# Help starting new hives on Natural Cell



## Michael Bush (Aug 2, 2002)

>If I place 5 emty frames with a starter strips mixed in with the five frames from my nucs, will I end up with a mess?

No, but you may stress them out if you put that much empty space in the brood nest all at once.

>Secondly what about honey supers? When I read all the threads about natural cell in this forum, many say they must be placed between frames with fully drawn comb. 

Not at all. One fully drawn comb is HELPFUL, but not necessary. A super full of starter strips or foundationless will work.

>Since I am starting new hives this year, I have no drawn comb. Does this mean I should use some foundation and feed some empty frames after they get some comb drawn on foundation?

You could put one full frame of foundation in. It's just helpful to have something to get them in the right line.


----------



## suprstakr (Feb 10, 2006)

Take 2 frames mount a piece of plywood the size of the inside of hive (like a folower board) and put the nuke into a full hive.Place thefolower boards each side of the 5 frames with plywood facing inside. now you can add empty frame to #3 position from the left or right once the frame is almost filled add another to the oposite #3 position. this way stressis reduced and you fill hive with new comb.
LUCK and HAPPY BEEKEPING.


----------



## Bryanaw40 (Jun 11, 2006)

suprstakr said:


> Take 2 frames mount a piece of plywood the size of the inside of hive (like a folower board) and put the nuke into a full hive.Place thefolower boards each side of the 5 frames with plywood facing inside. now you can add empty frame to #3 position from the left or right once the frame is almost filled add another to the oposite #3 position. this way stressis reduced and you fill hive with new comb.
> LUCK and HAPPY BEEKEPING.


When using the follower boards, do the bees ever enter on the wrong side of the follower boards and start building comb there? Initially there will be a three frames of open space outboard of the follower boards.
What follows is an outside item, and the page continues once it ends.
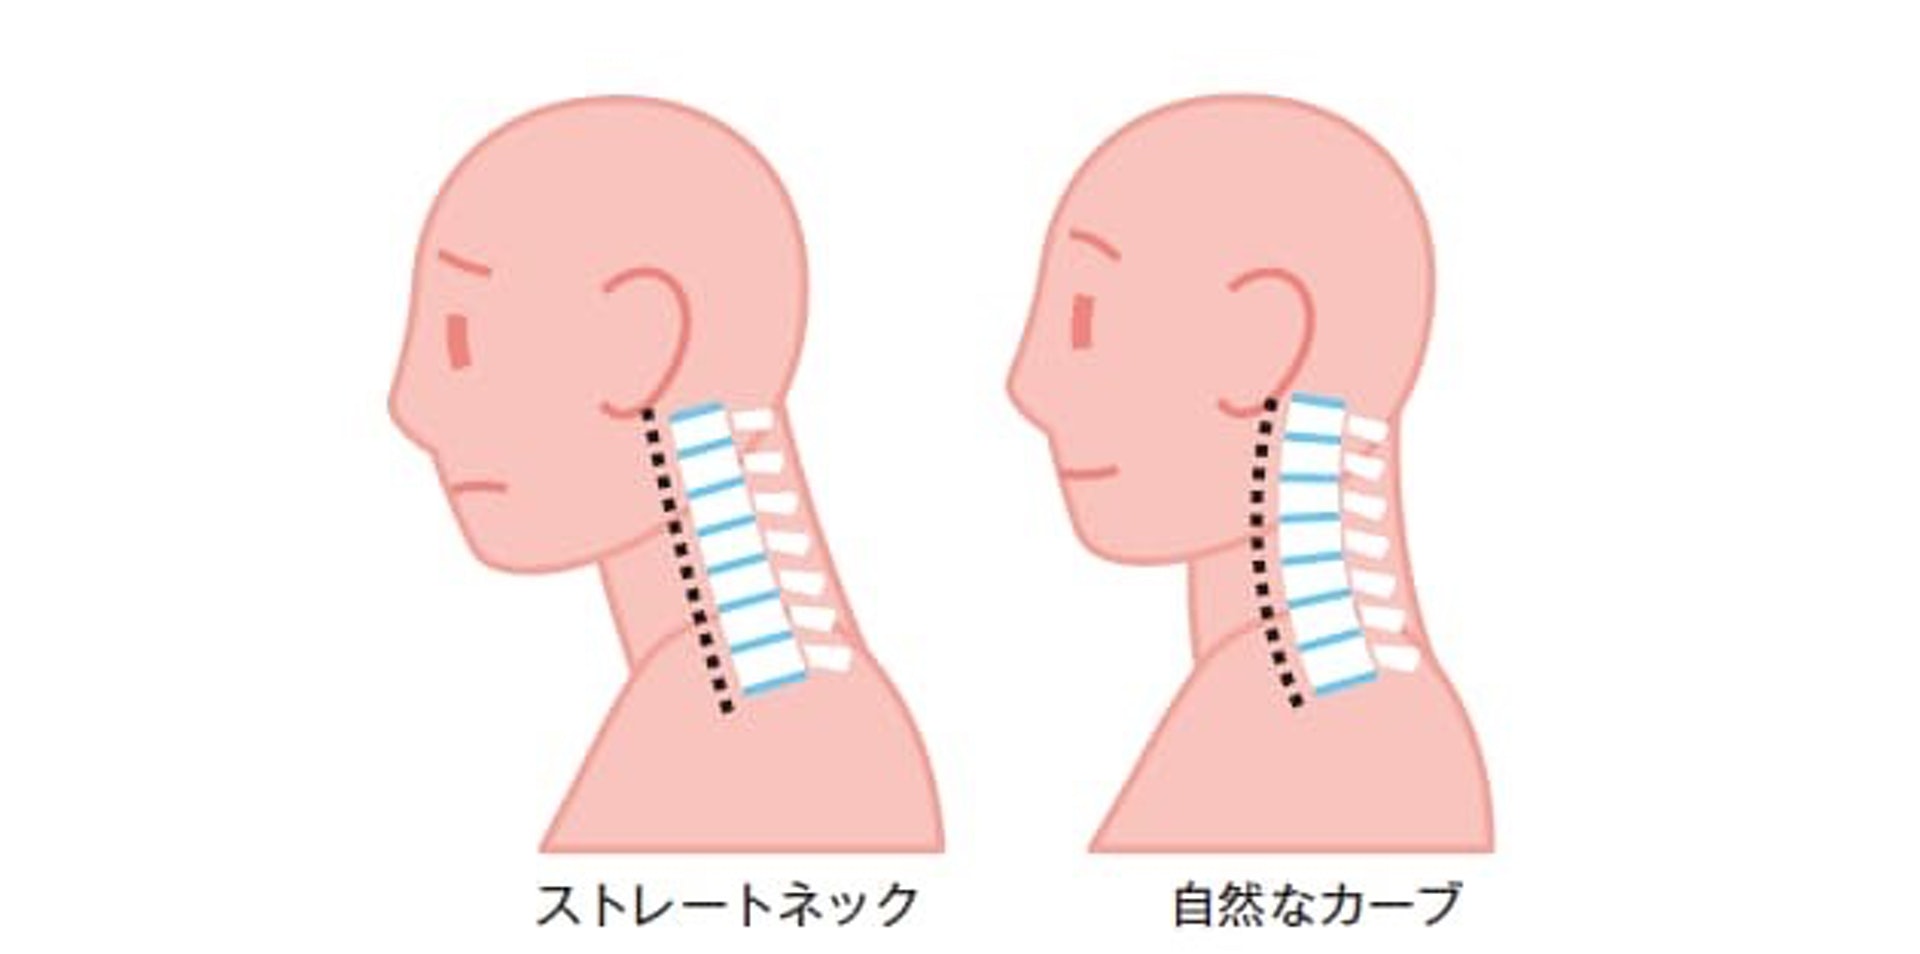 頸椎本是向前呈微微彎曲的狀態，支撐着上方的頭部（圖右），但假如長期駝背看電腦，就會導致頸椎錯位變成「直頸」（圖左）。（NIKKEI STYLE）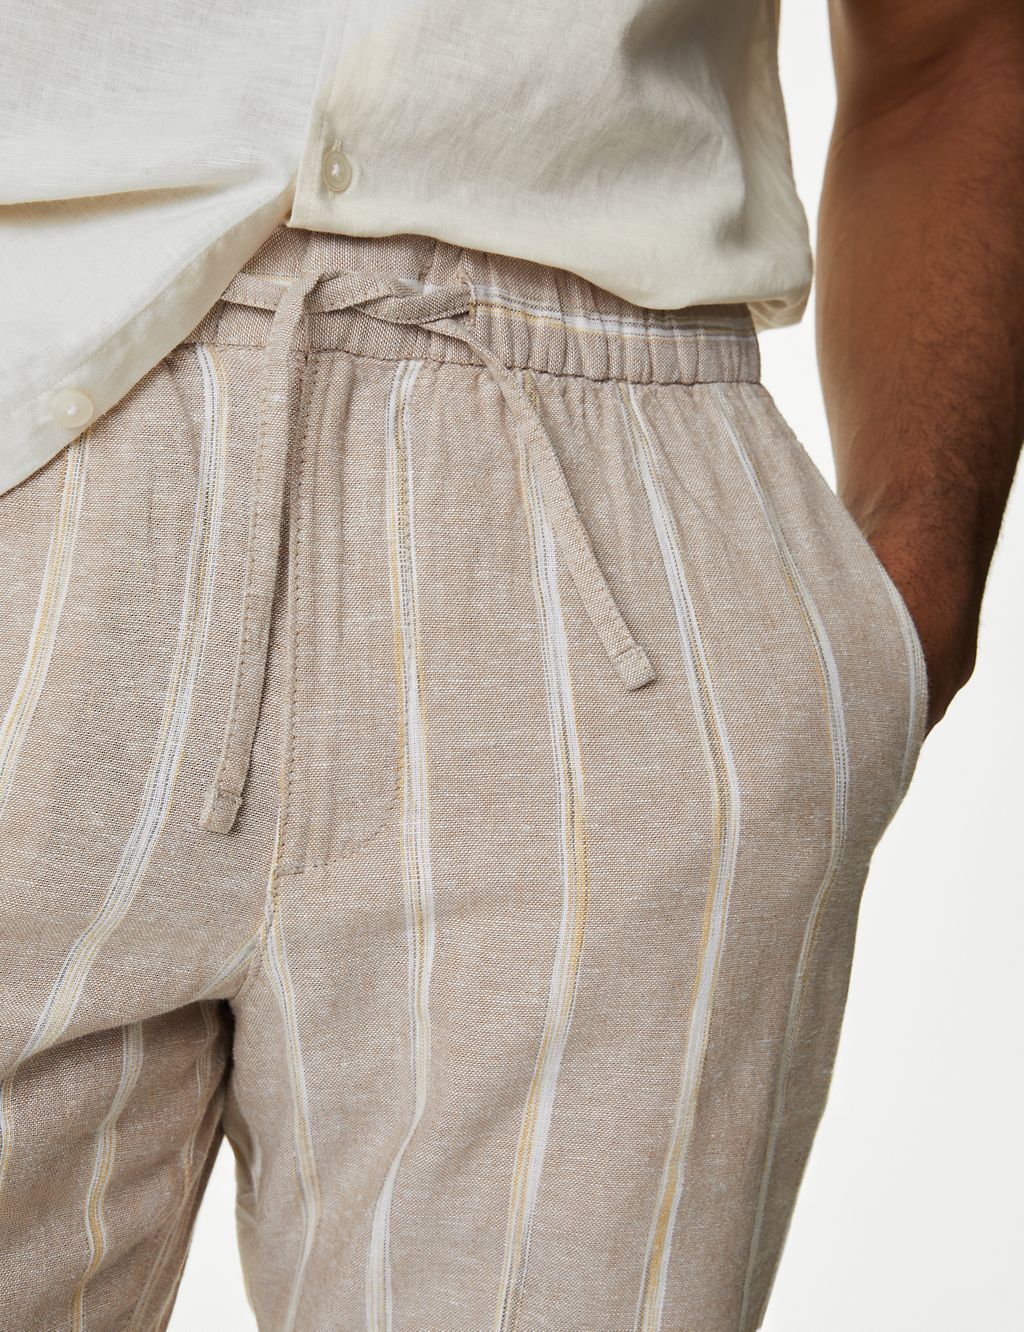 Linen Rich Elasticated Waist Striped Shorts 2 of 6

Does one just leave these spaces open or should frames be temporaily placed?

thanks,
bryan


----------



## Michael Bush (Aug 2, 2002)

>When using the follower boards, do the bees ever enter on the wrong side of the follower boards and start building comb there?

If there are frames on both sides of the follower board, which side is the "wrong" side?


----------



## hummingberd (Aug 26, 2006)

so, is this follower board method good only for nucs, or could you use this as a method to regress bee from LC to SC?


----------



## Bryanaw40 (Jun 11, 2006)

Michael Bush said:


> >When using the follower boards, do the bees ever enter on the wrong side of the follower boards and start building comb there?
> 
> If there are frames on both sides of the follower board, which side is the "wrong" side?


Excellent point MB..wish I would have come to that conclusion myself. Thanks. I will fill the remaining space with empties just in case I don't keep up with moving the following boards. Having the frames already in the hive will also make the minipulation easier as well.

thanks,
bryan


----------